◆ **ACTIVITY**:
Transcribe all of the data exactly. Omit the pictures.

(INPUT DATA)

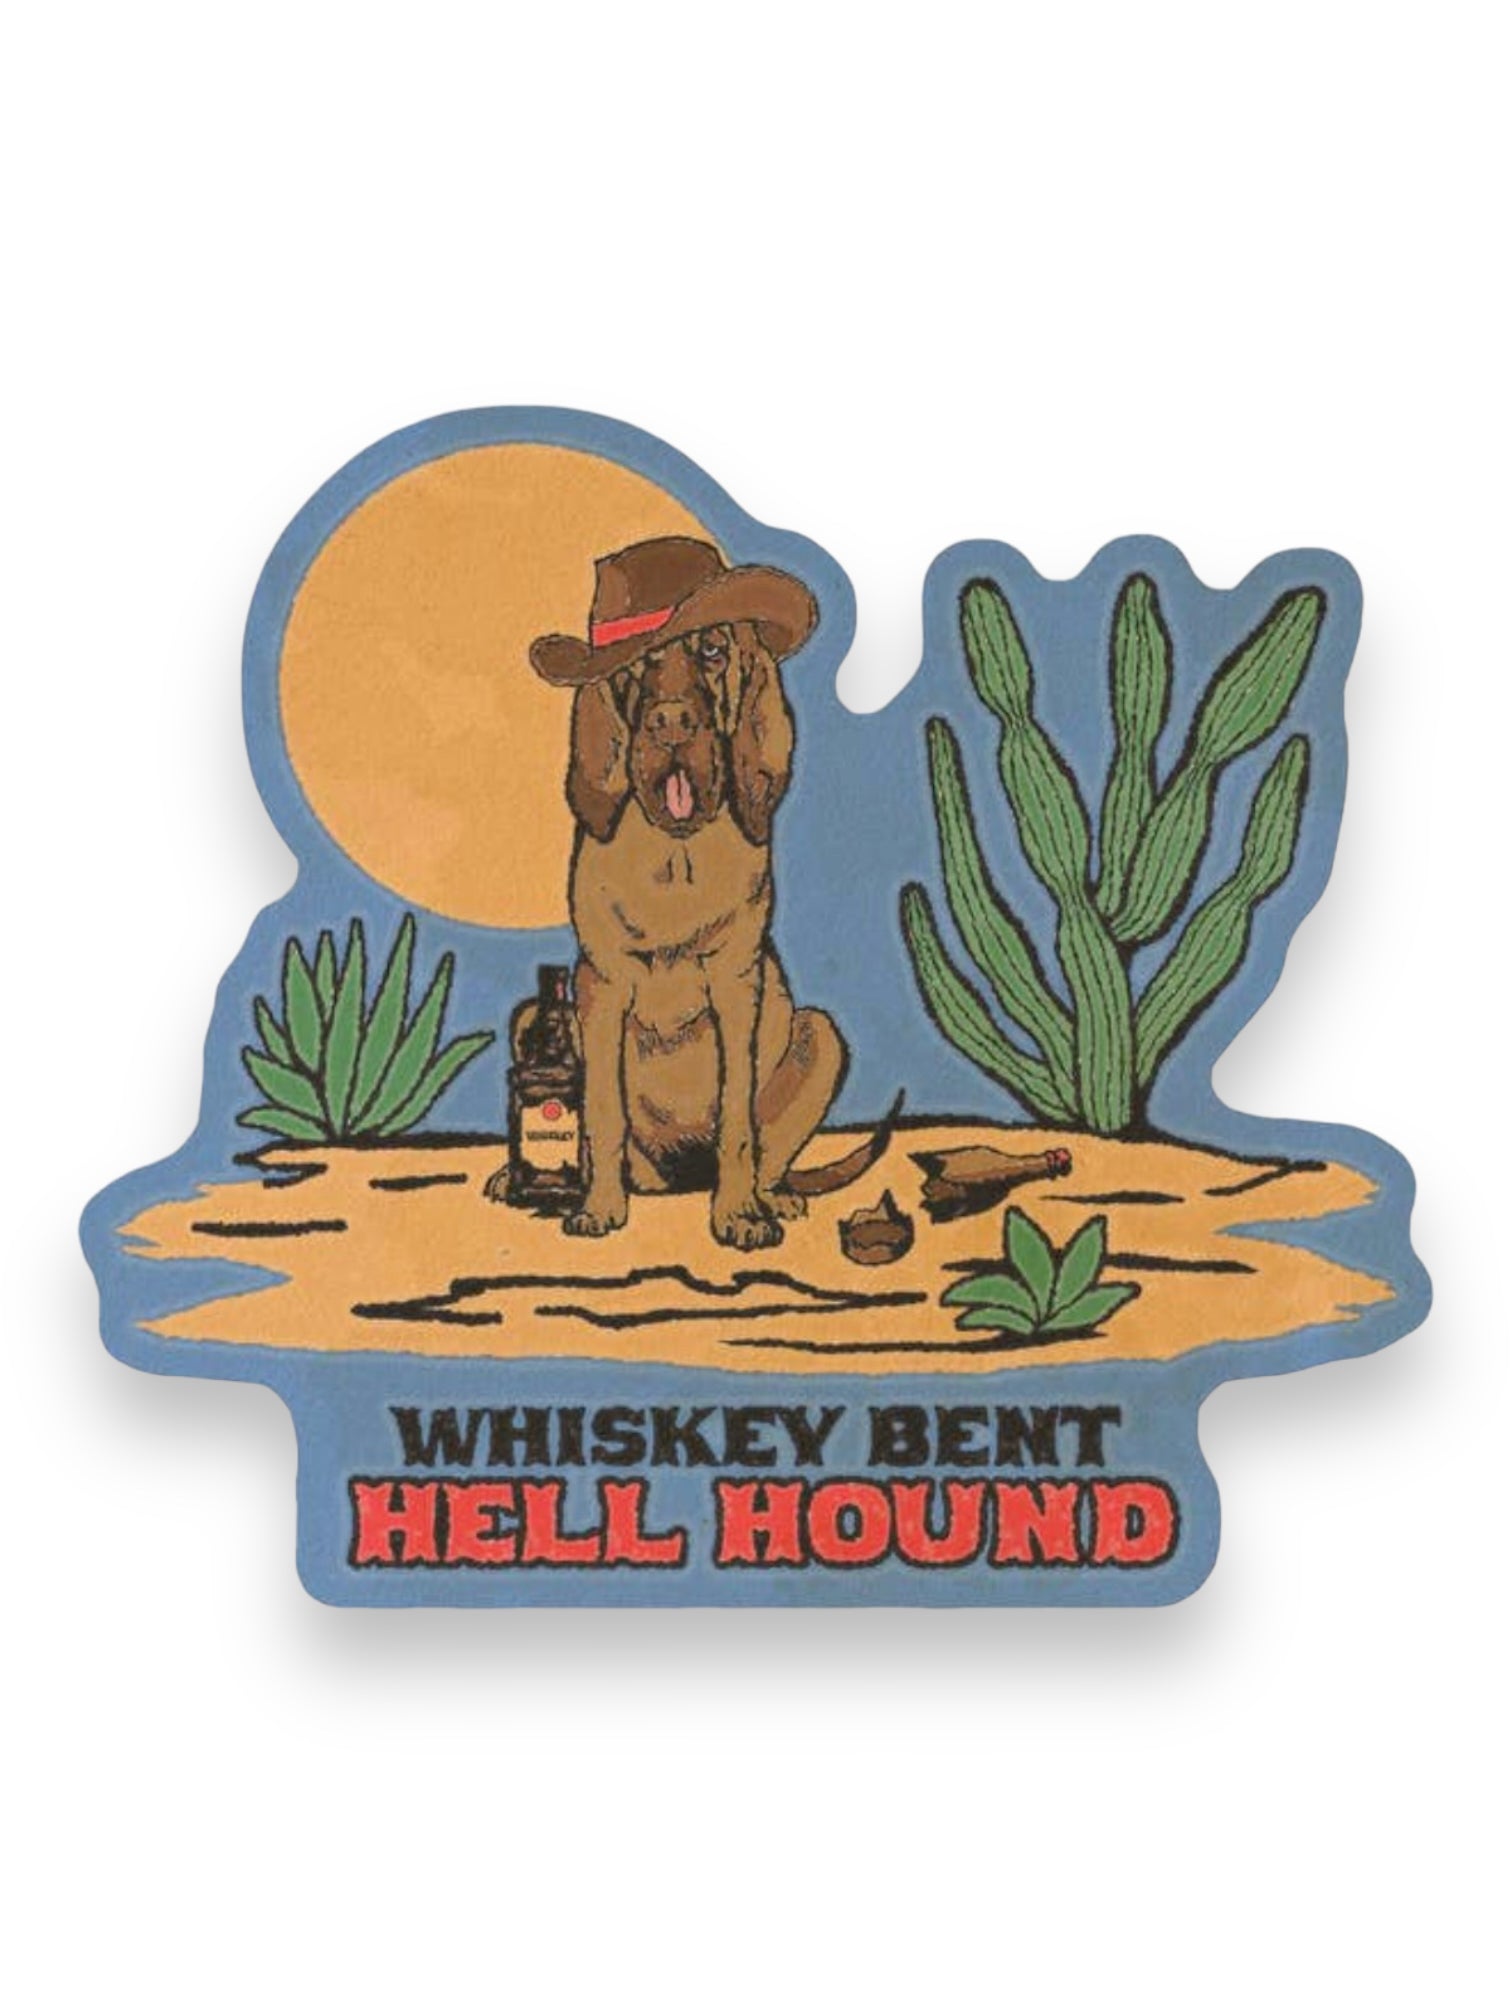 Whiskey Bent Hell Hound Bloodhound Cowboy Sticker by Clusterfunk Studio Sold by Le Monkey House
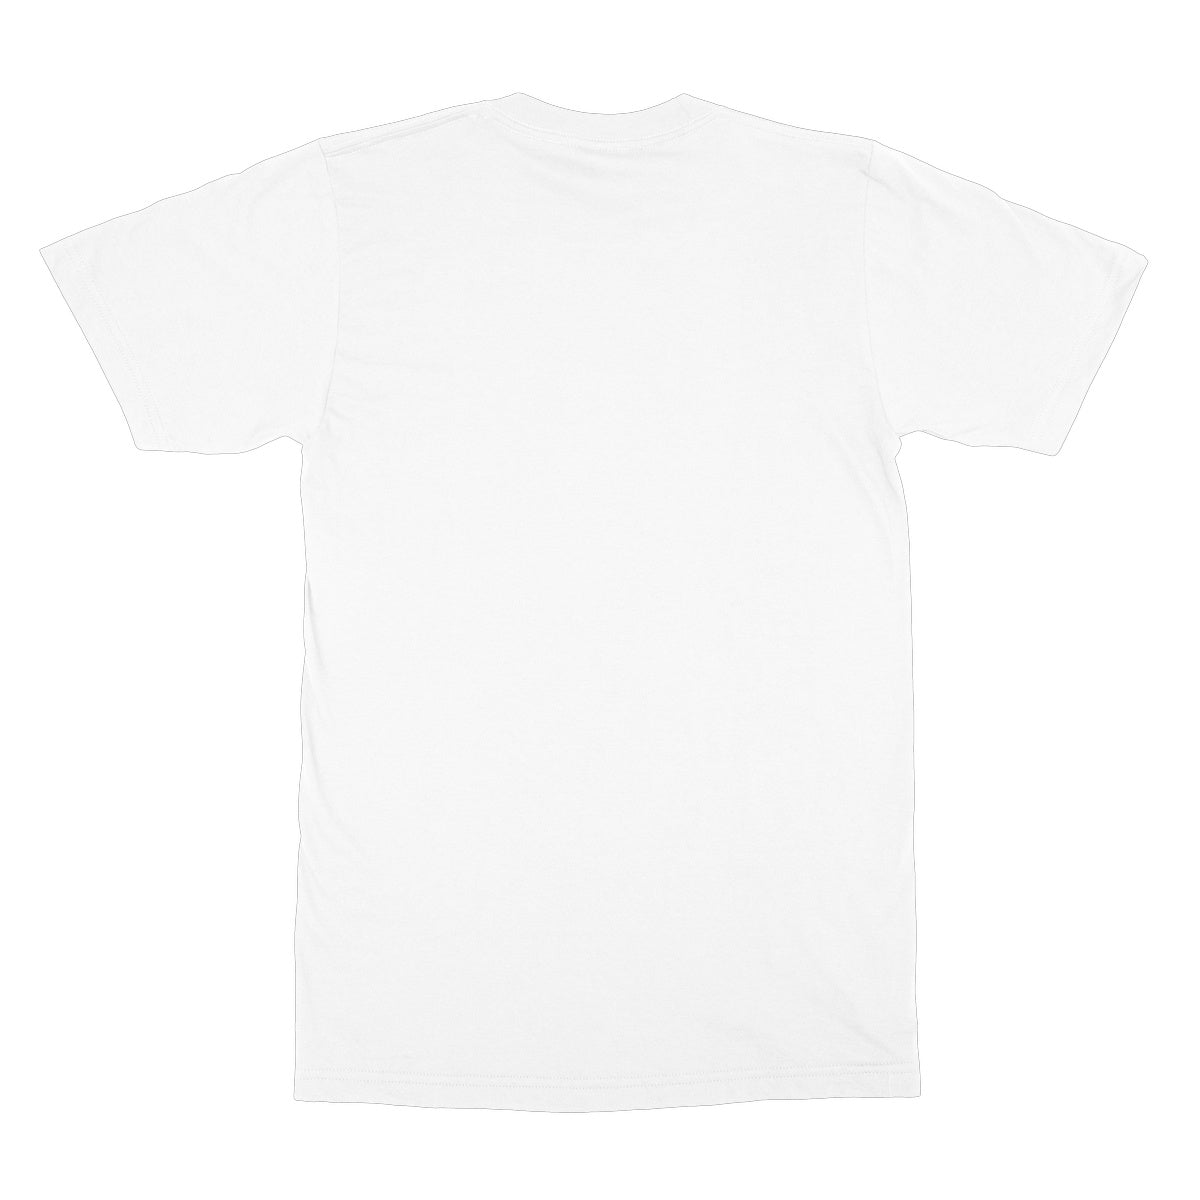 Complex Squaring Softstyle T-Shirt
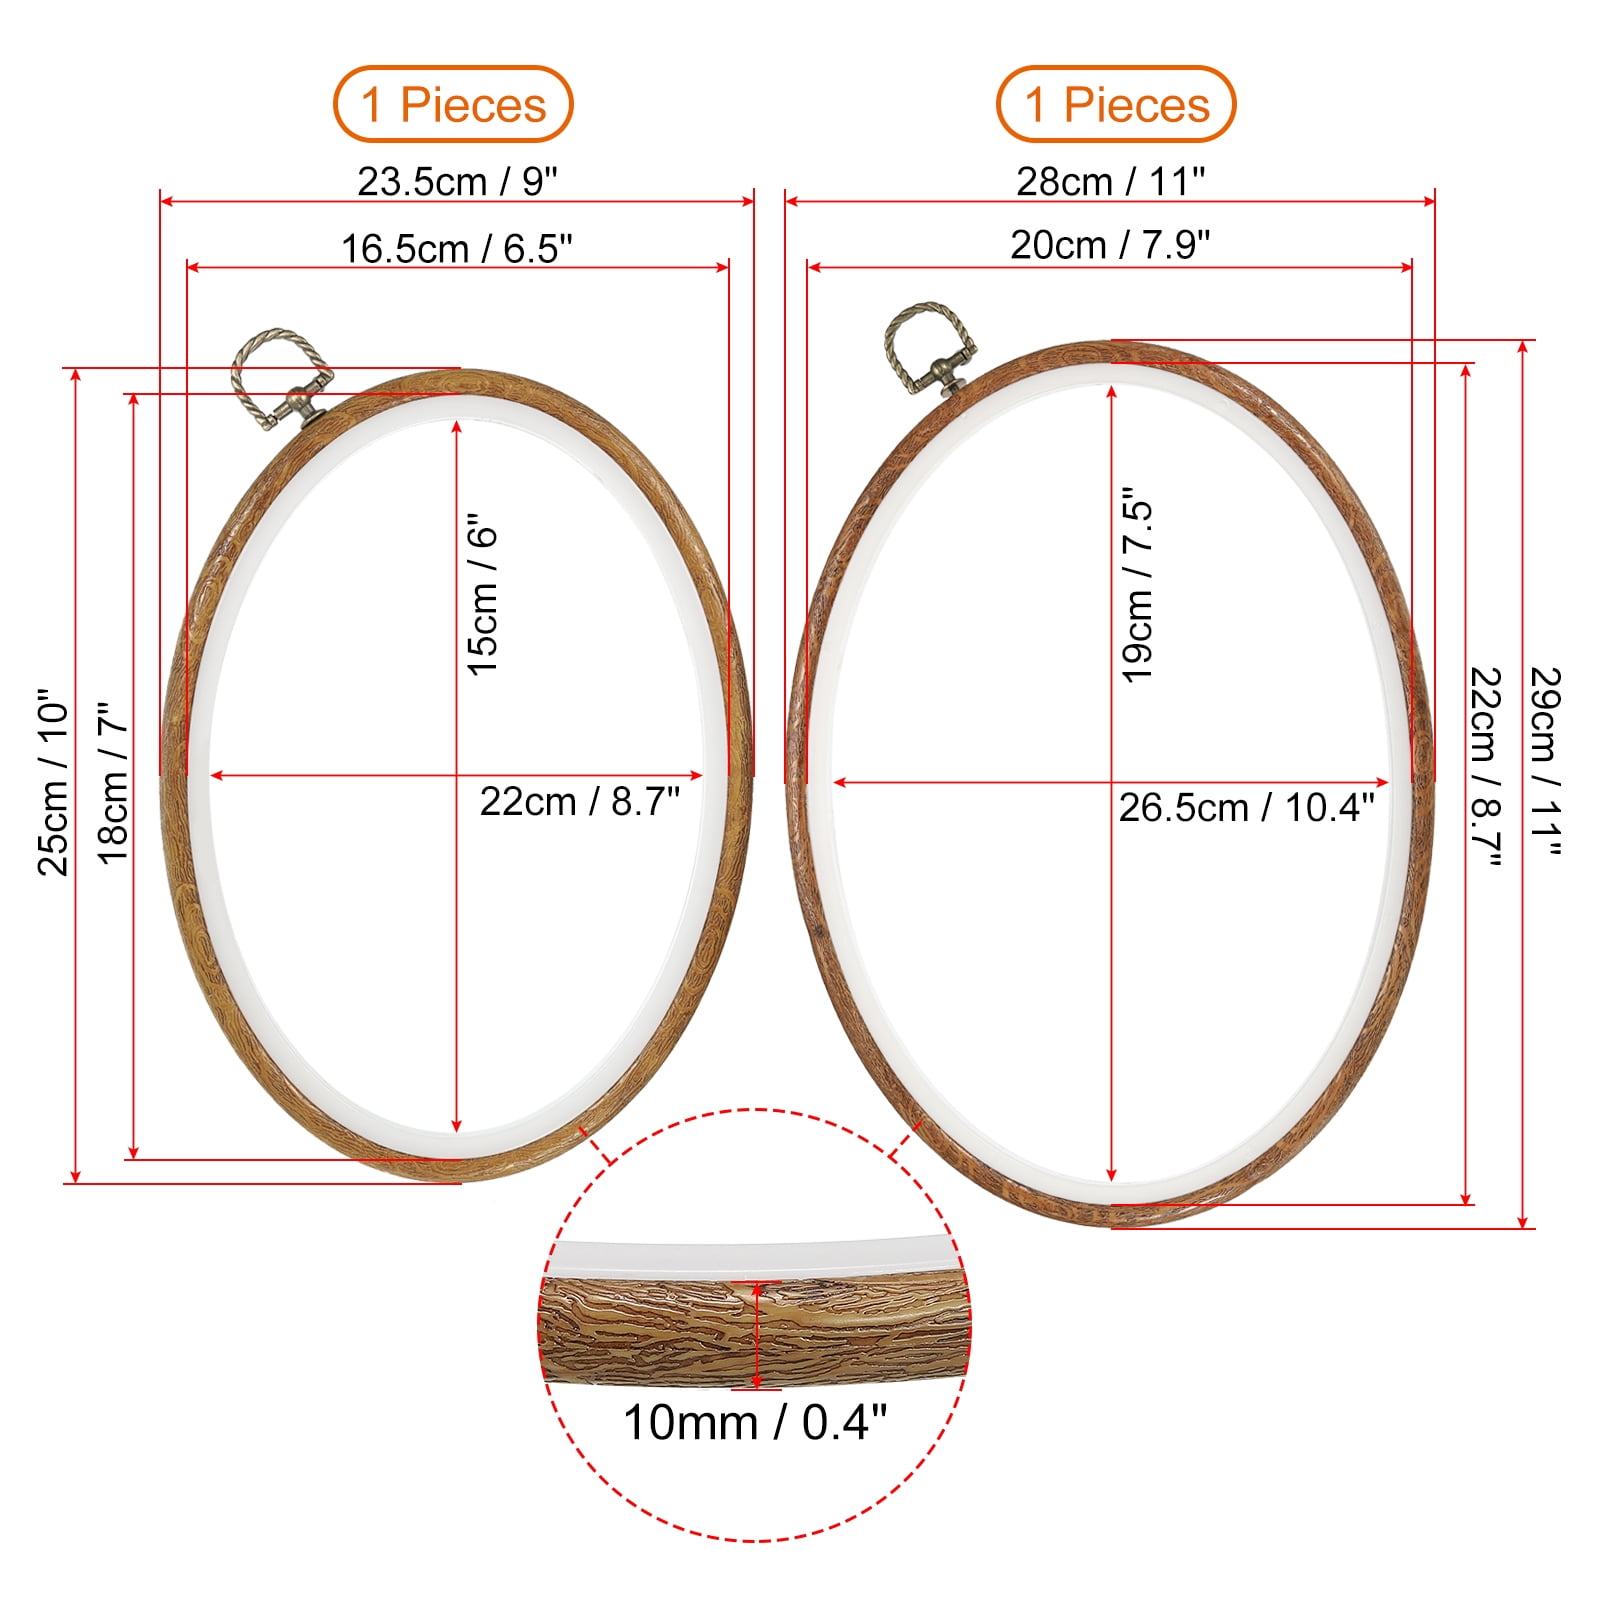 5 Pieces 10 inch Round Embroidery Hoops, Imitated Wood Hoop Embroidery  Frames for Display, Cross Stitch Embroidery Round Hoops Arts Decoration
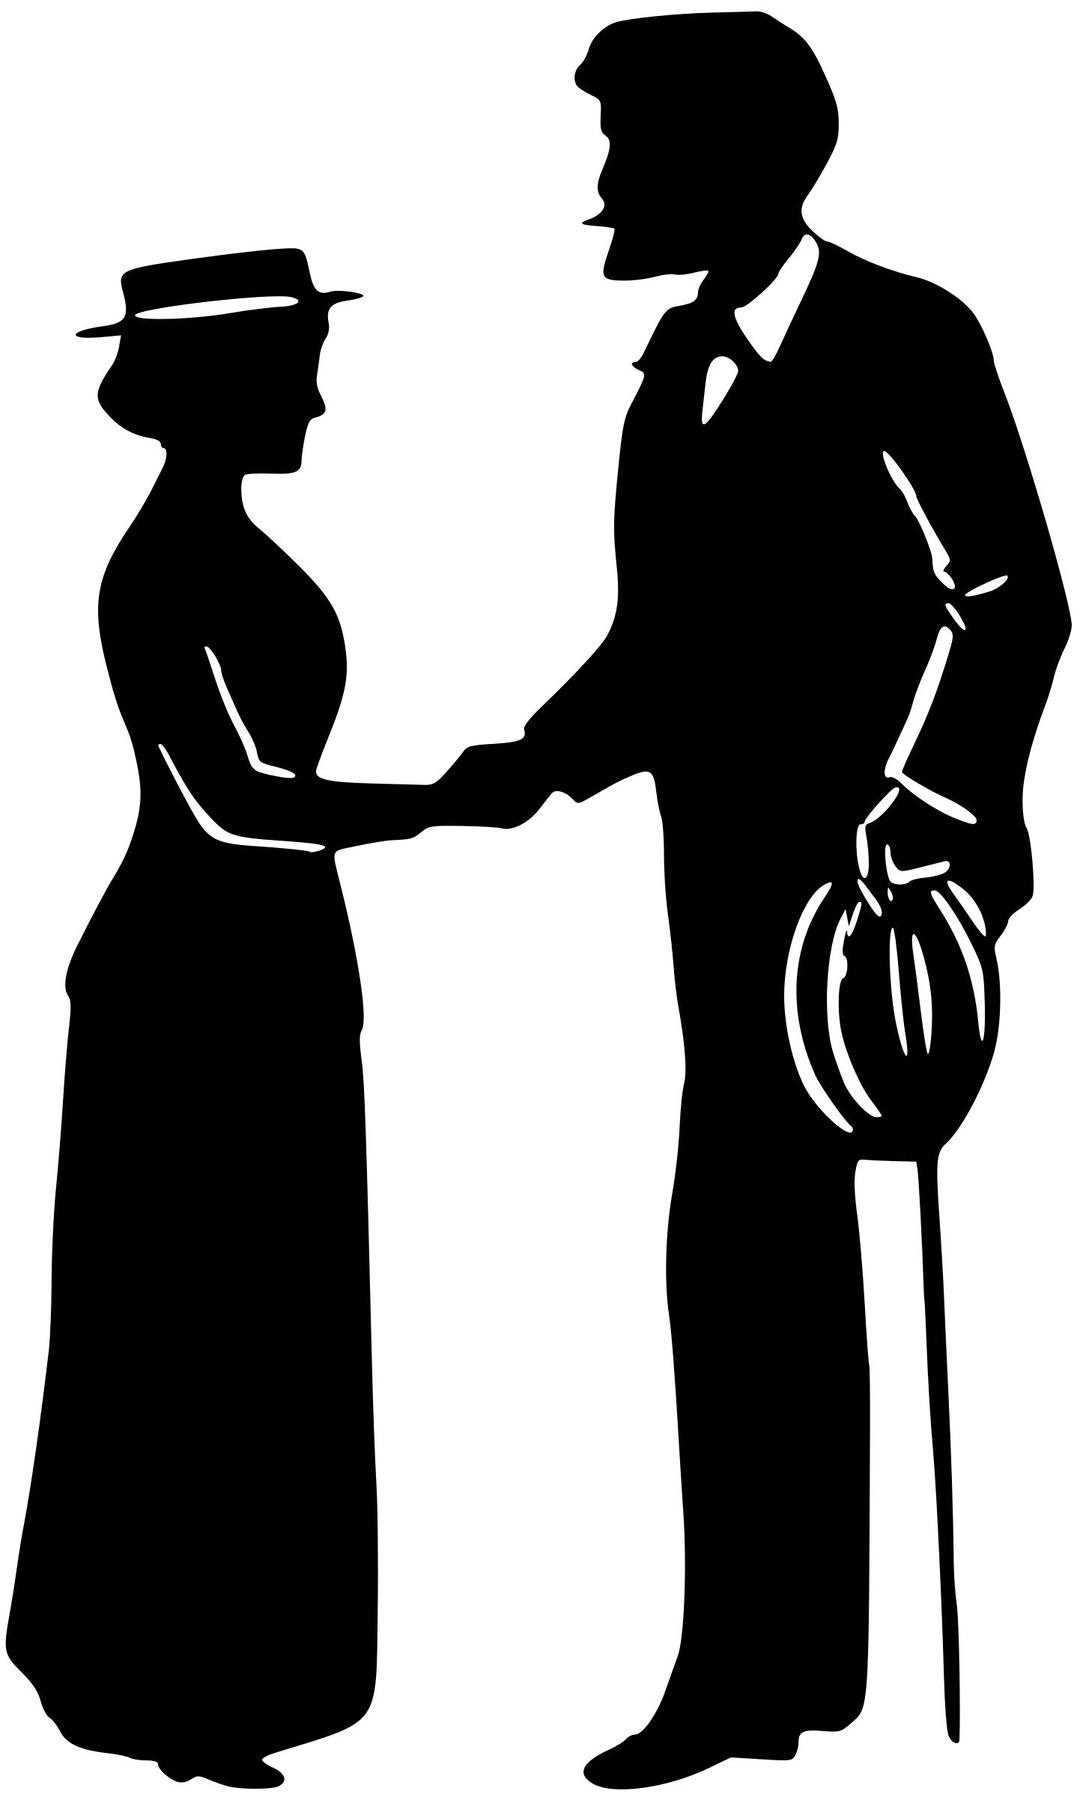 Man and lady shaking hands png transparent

(End INPUT DATA)

◆ **TASK ANSWER**:
 Whiskey Bent Hell Hound Bloodhound Cowboy Sticker by Clusterfunk Studio Sold by Le Monkey House
 Complex Squaring Softstyle T-Shirt
 5 Pieces 10 inch Round Embroidery Hoops, Imitated Wood Hoop Embroidery  Frames for Display, Cross Stitch Embroidery Round Hoops Arts Decoration
 Man and lady shaking hands png transparent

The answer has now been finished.